About Kokikai Aikido

Sensei Shuji Maruyama is Kokikai-Ryu Aikido’s Founder and President. He founded the Kokikai Federation to disseminate his training method and its benefits to the world.

Sensei Maruyama with Mikey Singara and Paul Connan
Sensei Maruyama with Mike Sinagra and Paul Coonan

Our purpose is to realize our most natural, correct and strongest state through the study of Kokikai self defence technique and the four Kokikai principles. Within the scope of self-defence training we can discover our strongest state. Using this method we understand the simple truth that when we use mind and body correctly, internal and natural strength is harnessed in the strongest way (Kokikai Ki power).

Many people hear about the concept of Ki and go to social media, websites or their local book store to study about the concept. But we can never understand Ki this way.

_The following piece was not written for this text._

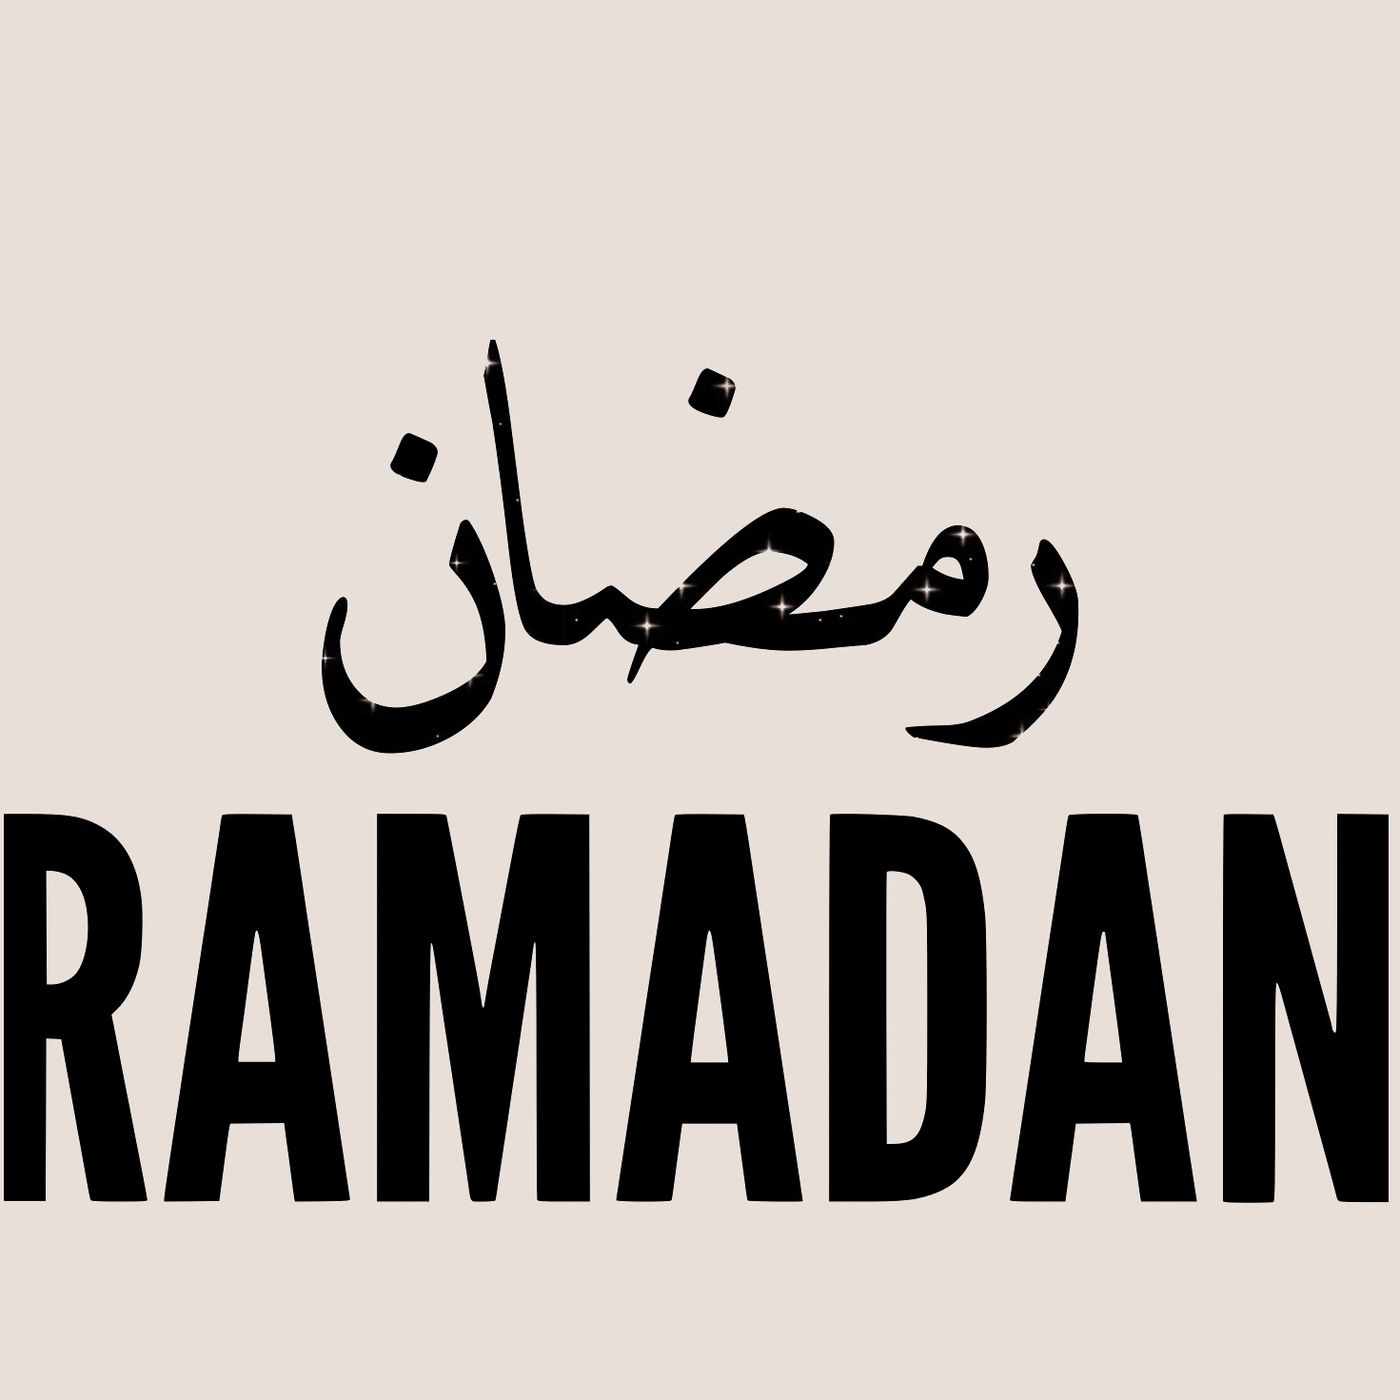 Ramadhaan Q&A 2019 (1440 AH) Part 2/2

For example the word “Ki” has over 400 applications and derivatives in the Japanese language alone, not to mention its equivalent “chi” in Chinese and prana in Hindi. Sensei Maruyama never thinks of Ki in this way; rather, he studies how to use the mind and body correctly and naturally, understanding that will result in maximum effectiveness for minimum effort. This directs us to the fundamental Kokikai Training Method: discover the correct state and correct feeling for your mind and body through practicing Kokikai techniques using the following Principles:

1. Keep One Point to develop calmness
2. Relax progressively
3. Find Correct Posture in everything
4. Develop your Positive Mind

Sensei Shuji Maruyama began his study in 1955 under Koichi Tohei Sensei who was at the time the chief instructor of Aikido under Master Ueshiba.  Later, Maruyama Sensei apprenticed directly with Ueshiba after receiving an introduction from Tohei.

In 1966, Maruyama Sensei came to the United States at the invitation of the Ohio Judo and Karate Association. Maruyama Sensei was astonished when the Judo students actually challenged and resisted during the application of Aikido technique, because such behavior was unknown in Japan.  Sensei Maruyama was also challenged to defend against kicks and jab punches from Karate students. , Maruyama Sensei had never learned how to defend against these types of attacks because they were never practiced in Japan. His inability to respond effectively caused the students to resist him more. In consequence, Maruyama Sensei’s first few years in the United States were very difficult. He began to ask himself why Aikido did not have effective responses to the fighting styles of other countries.

Through the study of Ueshiba’s background and the history of Japanese martial arts he began to understand why Aikido had taken its particular form, as well as how it’s techniques might be adapted to meet the challenges of modern fighting. In the Samurai age, wars were fought by soldiers who wore armour. The presence of armor determined the type of attacks encountered, punching and kicking were rarely employed because those attacks are extremely tiring, and punching or kicking armour is ineffective.

In Japan, the drawing of a sword inside a household was against the law. In this environment unarmed self defense was developed and practiced to provide an acceptable and effective alternative to the use of swords indoors. This is why exponents of Japanese martial traditions devoted so much time to the practice of swari-waza (ground techniques). Although when Aikido was developed the Samurai age was long over, the ideas and traditions from that era persisted and heavily influenced Master Ueshiba.  For example, early Aikido classes featured 60% swari-waza and 40% standing techniques.

Ueshiba’s development of Aikido was achieved within the parameters of these Japanese martial traditions. Through a special realization he was able to develop his potential power. The essence of his realization was that he discovered how to use only necessary strength.  He understood his natural human ability and how to use that ability correctly and efficiently, and he applied his understanding to develop a system of new techniques that would eventually solidify into the art know as Aikido.

We respect Ueshiba’s ideas and practice methods very much, as well as appreciate his great achievement in the origination of a new method for developing and expressing human potential power through martial training. Our modern situation, however, is different from Ueshiba’s. Maruyama Sensei has caught Ueshiba’s feeling for using only necessary strength, describing it in terms of using the minimum effort necessary to achieve maximum results, but he now applies that feeling to technique responsive to the realities of modern unarmed fighting. Kokikai Aikido practice is characterized by realistic, focused attacks, and fluid responses that employ timing and rhythm to take the opponents balance completely before the application of a throwing technique.

Although he weighs only 59 kilograms Maruyama Sensei has been effortlessly and convincingly throwing 100 kilogram + people for over 20 years. Wherever he travels people say that he is very strong and powerful. Yet he describes his feeling while throwing as unbelievably comfortable and easy, and he is visibly extraordinarily relaxed when he throws. Having proven the correctness of his feeling, his ideas, and his techniques, Sensei Maruyama has organized the Kokikai School of Aikido to promote the practice of his method and to foster the continued development of principles and techniques applicable to daily life in the modern world.